Given its widespread use, any vulnerabilities within CUPS can have far-reaching implications, affecting numerous systems globally.
Several critical vulnerabilities have recently been identified in CUPS, including CVE-2024-47176, CVE-2024-47076, CVE-2024-47175, and CVE-2024-47177.
These vulnerabilities can be chained together to allow a remote attacker to add or reconfigure network printers to execute arbitrary code when users attempt to print from them.
Analyse Any Suspicious Links Using ANY.RUN’s New Safe Browsing Tool: Try for Free
A Quick Overview of CVE-2024-47176
According to the MalwareTech report in Github, the vulnerability CVE-2024-47176 is found in the cups-browsed daemon.
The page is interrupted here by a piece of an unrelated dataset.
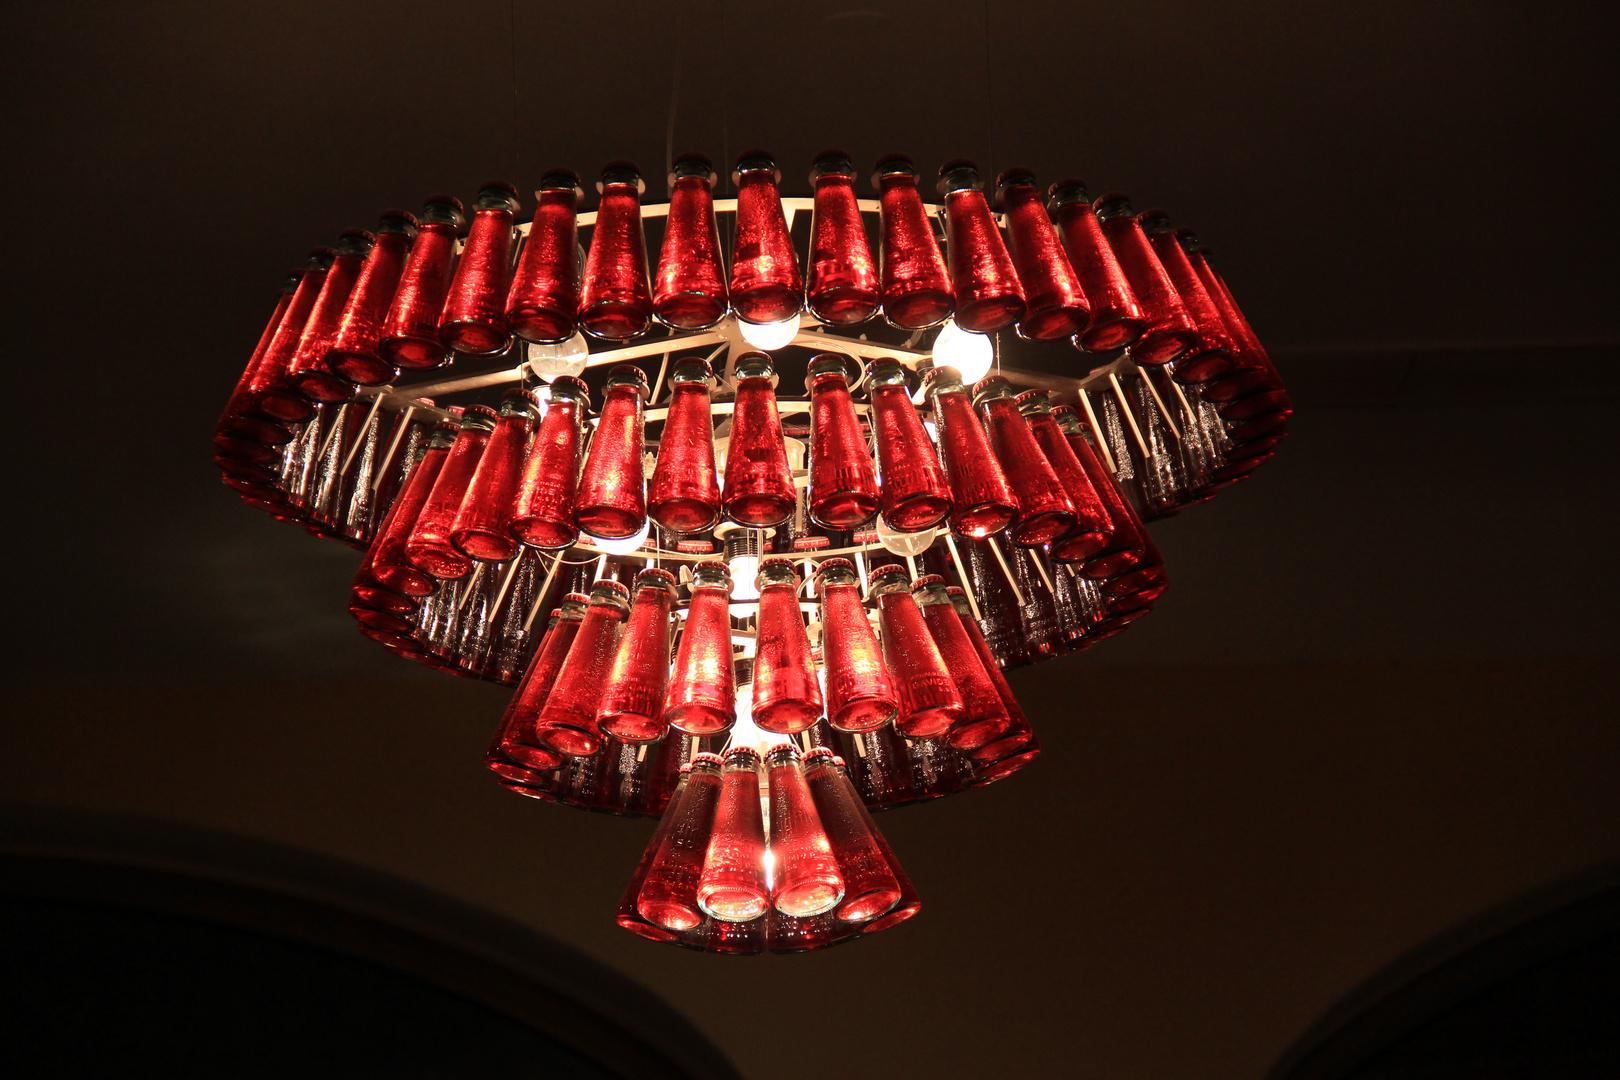 Deckenlampe in einer Münchener Gaststätte

The flaw arises because cups-browsed binds its control port (UDP port 631) to INADDR_ANY, making it accessible to the world without authentication.
This means anyone reaching the control port can instruct cups-browsed to perform printer discovery.
Even if the port is not directly accessible from the internet due to firewalls or NAT configurations, it may still be reachable via local networks.
This opens up possibilities for privilege escalation and lateral movement within an organization’s network.
How CVE-2024-47176 Scanning Works
The exploitation process typically begins with an attacker sending a specially crafted request to cups-browsed on UDP port 631.
This causes cups-browsed to reach a malicious URL controlled by the attacker. Attackers can identify susceptible systems by triggering a vulnerable cups-browsed instance to issue an HTTP request (callback) to a server under their control.
The scanning process involves:
- Setting up a basic HTTP server.
- Crafting a UDP packet instructing cups-browsed to connect to this server.
- Sending the UDP packet across a range of IP addresses on port 631.
- Logging any POST requests triggered by vulnerable instances.
Automating Scans with cups_scanner.py
The newly released Python script, cups_scanner.py, automates this scanning process. It handles both the HTTP server setup and the scanning itself.
The script launches a temporary HTTP server using http.server on a specified IP and port, constructs UDP packets, and sends them across specified IP ranges. It captures callbacks from vulnerable instances and logs them for analysis.
Command Line Arguments
- –target: Specifies the CIDR(s) to scan.
- –callback: Sets the local IP and port for hosting the HTTP server.
- –scan-unsafe: Overrides default behavior to scan all addresses, including network and broadcast addresses.
Example Usage
To scan CIDR 10.0.0.0/24 from IP address 10.0.0.1 with a callback server on port 1337:
python3 cups_scanner.py --targets 10.0.0.0/24 --callback 10.0.0.1:1337
This tool provides system administrators with a powerful method for proactively identifying and addressing vulnerabilities in their CUPS configurations, enhancing security across their networks.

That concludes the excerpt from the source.